Она может так продолжать бесконечно.
Дувид больше не слушает ее: курносая Сура-Гися просто лгунья. Внимание его занято женой.
— Калека! — надрывается он. — Портачка несчастная! Как ты пришила подкладку?..
В голосе его столько отчаяния, в лице такой гнев, что кажется — он сейчас уничтожит ее…
Рухл поднимает изуродованное флюсом лицо, молча смотрит на мужа и опускает голову.
За окном показываются Нафтула-пьяница, Сэндер-тряпичник и синагогальный служка. Они с любопытством заглядывают в дом и глазами ищут Рухл. Портной радуется, как ребенок: уж эти, не в пример Суре-Гисе, поймут его… Особенно Нафтула… Старик на веку своем натерпелся, ему страдания других понятны: трех жен похоронил, с двумя развелся, а шестая от него сбежала…
— Боже мой, Нафтула, ведь мы — бесправные, хуже арестантов… Работай, как каторжный, страдай и молчи… Кто им дал право командовать нами? Почему я не могу спустить шкуру с ребенка, раз мне этого хочется?.. Возьмешь ремень в руки — она тут как тут, на выручку… Прикажешь безбожнику моему молиться, служить богу сердцем и душой — плохо, станешь его наставлять на путь — опять не угодил…
Портной смотрит исподлобья в зеркало и читает на своем лице: «Ты — жертва, Дувид, не сдавайся…»
— Закрой уж свой рот, — молит его Рухл. — Кому ты жалуешься? Кого ты позоришь?
За окном толпятся нищие, сосед-сапожник — буян и сквернослов, торговка живностью и пьяный биндюжник Элек. Портной уверен, что это — друзья его. Они пришли выразить ему свое сочувствие. Он не видит лукавых улыбок, не слышит насмешек, ему хочется говорить, говорить без конца.
— Я вытащил ее из нищеты и сделал своей женой… Она должна мне ноги мыть и воду пить… Скажите это ей, не стесняйтесь, вот она…
Пусть весь мир знает, что его, тихого и спокойного человека, редкого мастера, блестящего певца, честного семьянина, непьющего, низвели до уровня раба!
— Закрой окно, — чуть не плачет Рухл, — не срами меня…
Закрыть окно? Ни за что ни про что обидеть людей? Никогда! Если ей не нравится, пусть убирается в другую комнату…
Шимшон сидит за книжкой, он не читает. Он слышит речи отца, его брань и думает о Наполеоне. Великий полководец был нежным супругом и уж наверно не назвал бы «портачкой» свою жену.

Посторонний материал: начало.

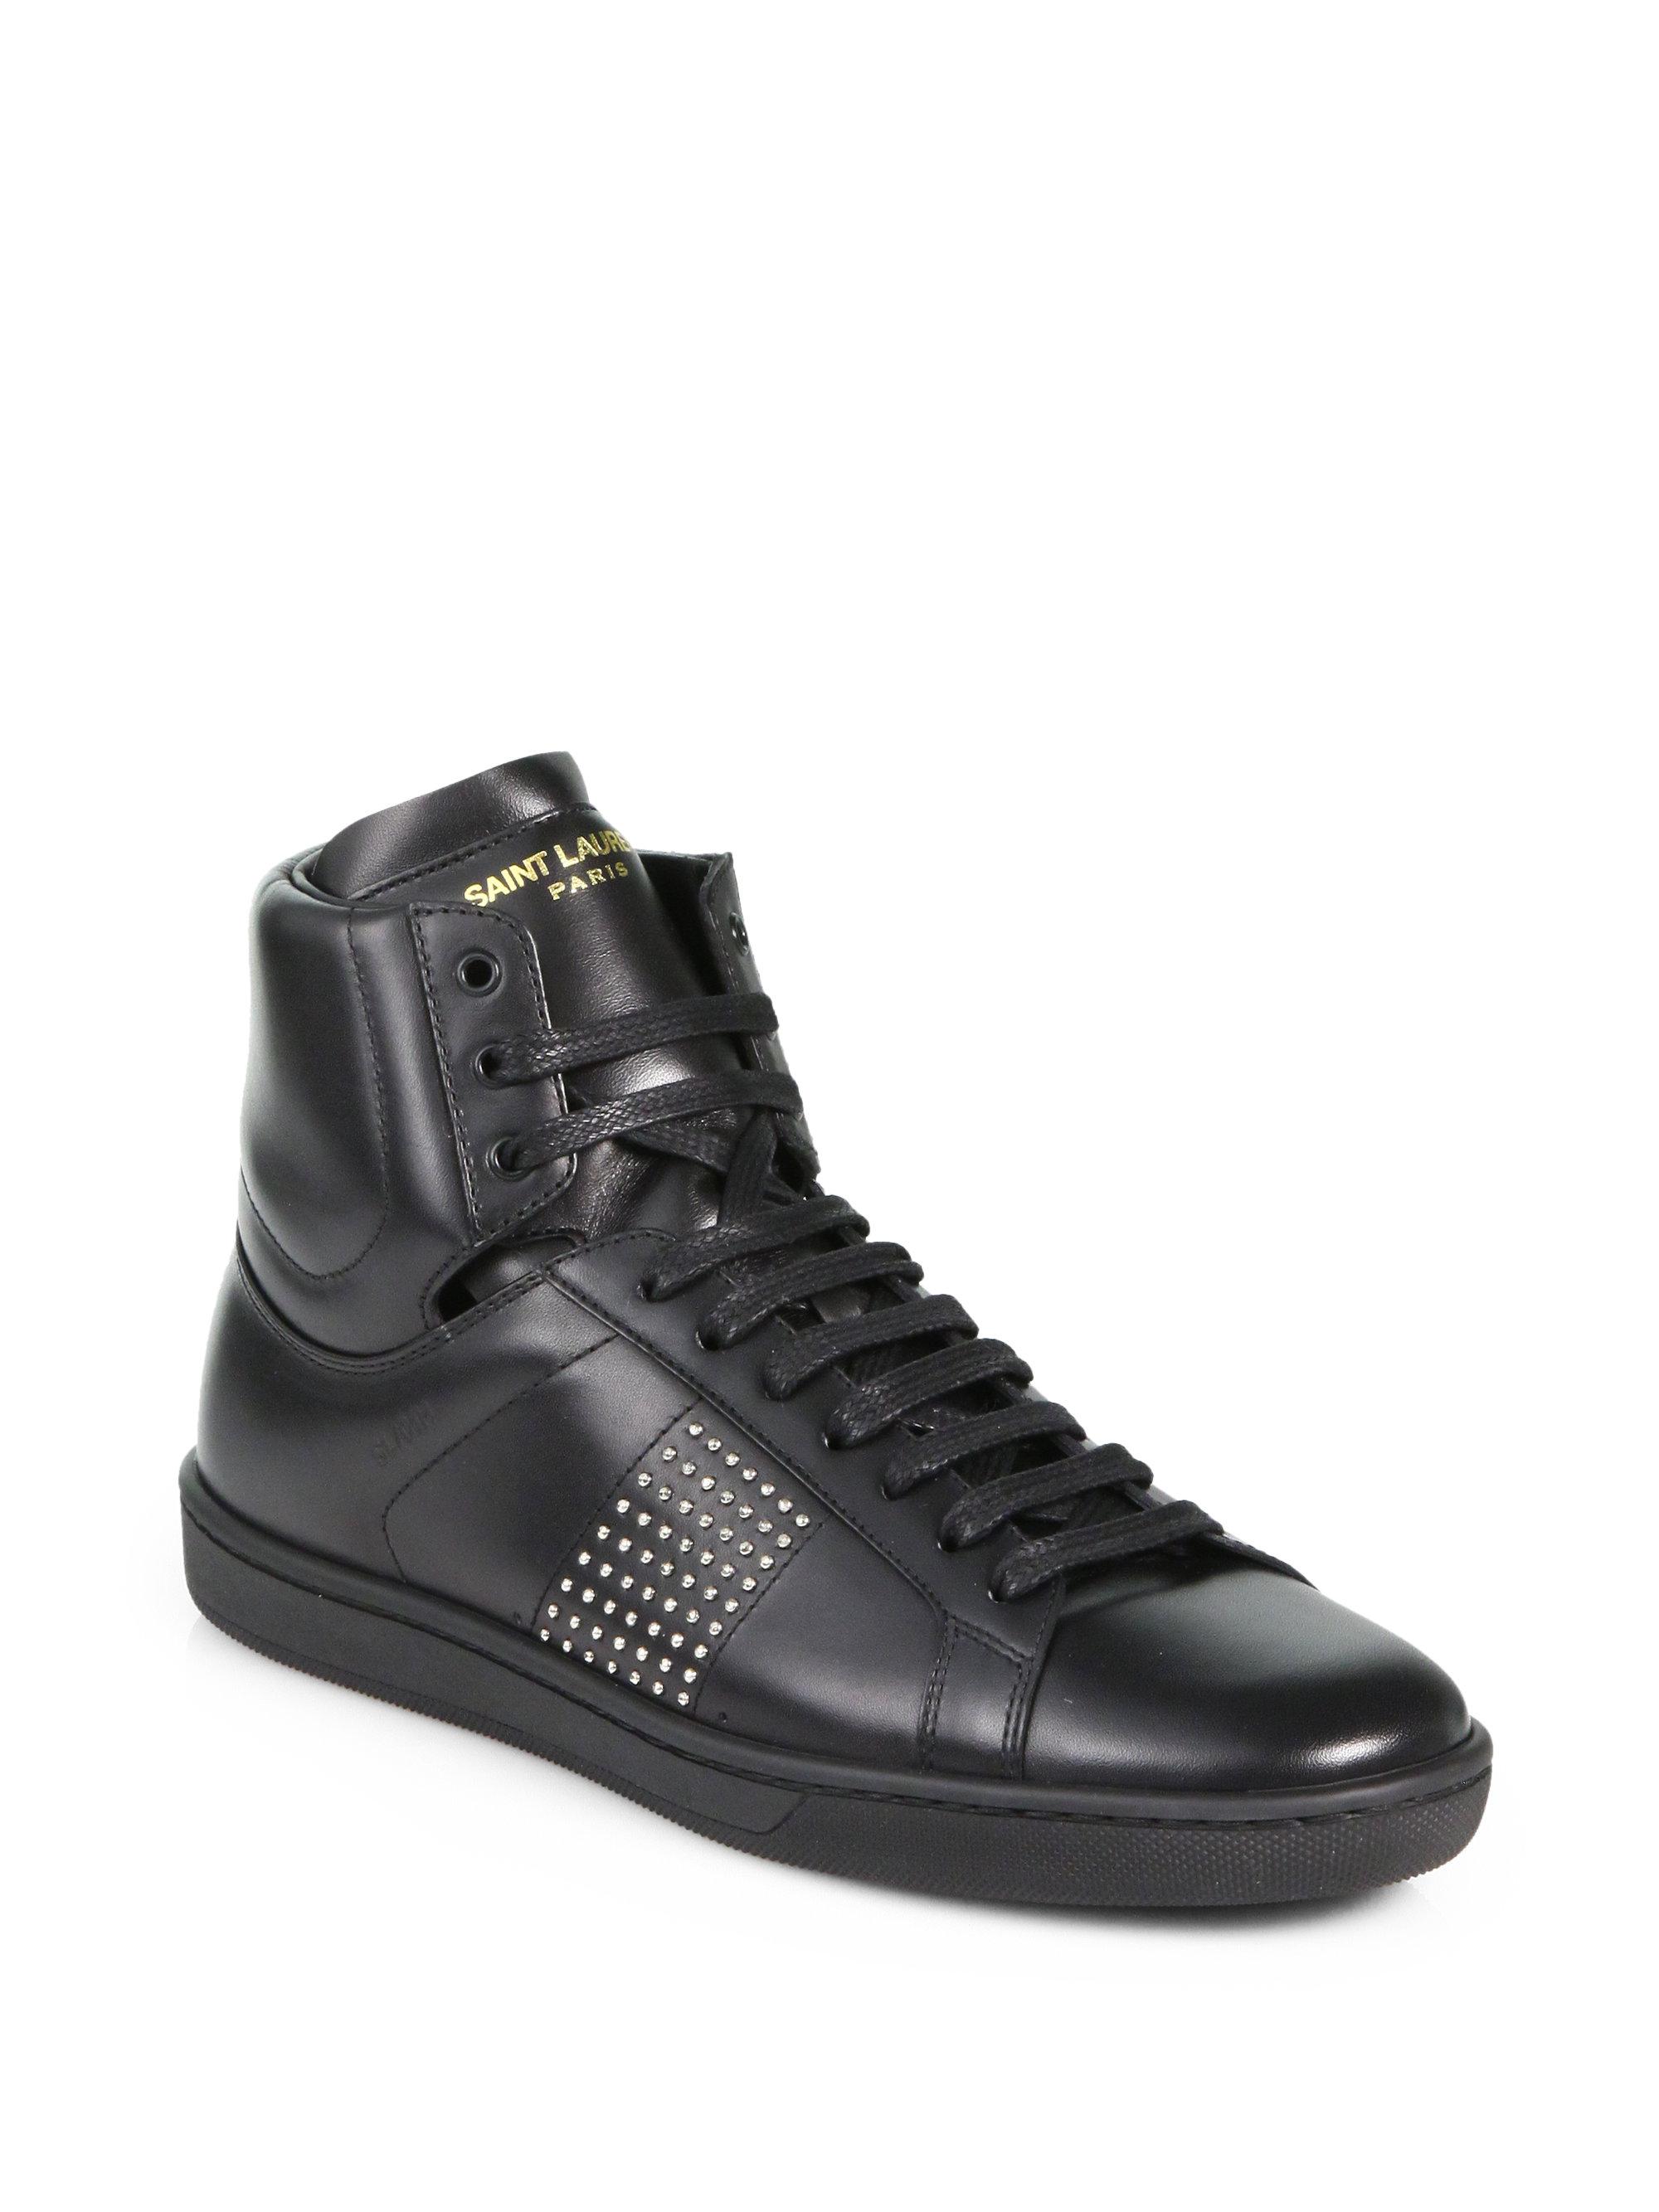 saint laurent studded leather hightop sneakers in black lyst. Black Bedroom Furniture Sets. Home Design Ideas

Бедная мать, как ей не повезло… Почему она не обручилась с Генрихом Наваррским, с графом Монте-Кристо или Гарибальди?.. Благородные люди, они дрались бы из-за нее на дуэли, целовали бы ее перчатку и называли «донной»…
У нее всегда озабоченный вид, грустные глаза и руки, мертвые от усталости. Они варят, скребут, нежно касаются Шимшона и изнемогают в работе… У них свой язык, и Шимшон знает его: вот они тянутся к верхней полке буфета — это обещает что-то вкусное… может быть, кусочек пирога, ломтик пряника, несколько крошек халвы. В тайниках, замаскированных, как неприятельский секрет, она находит огрызок яблока, остатки компота или сушеную сливу… Надо же было, чтоб на пути этой редкой души стал Дувид, портной, жалкий портняжка…
— Закроешь ты, наконец, окно? — решительно спрашивает Рухл. — Долго я буду терпеть?
Она откладывает работу, поднимается и резко захлопывает окно.
Портной сразу умолкает. Решительность действует на него угнетающе. Самоуверенность сменяется унынием, и грустные размышления смыкают его уста. Так пройдет много времени: немой и суровый, с затаенной обидой, он будет носиться по дому, думать о своей жизни, перебирать в памяти годы и месяцы и неизменно вспоминать одно и то же.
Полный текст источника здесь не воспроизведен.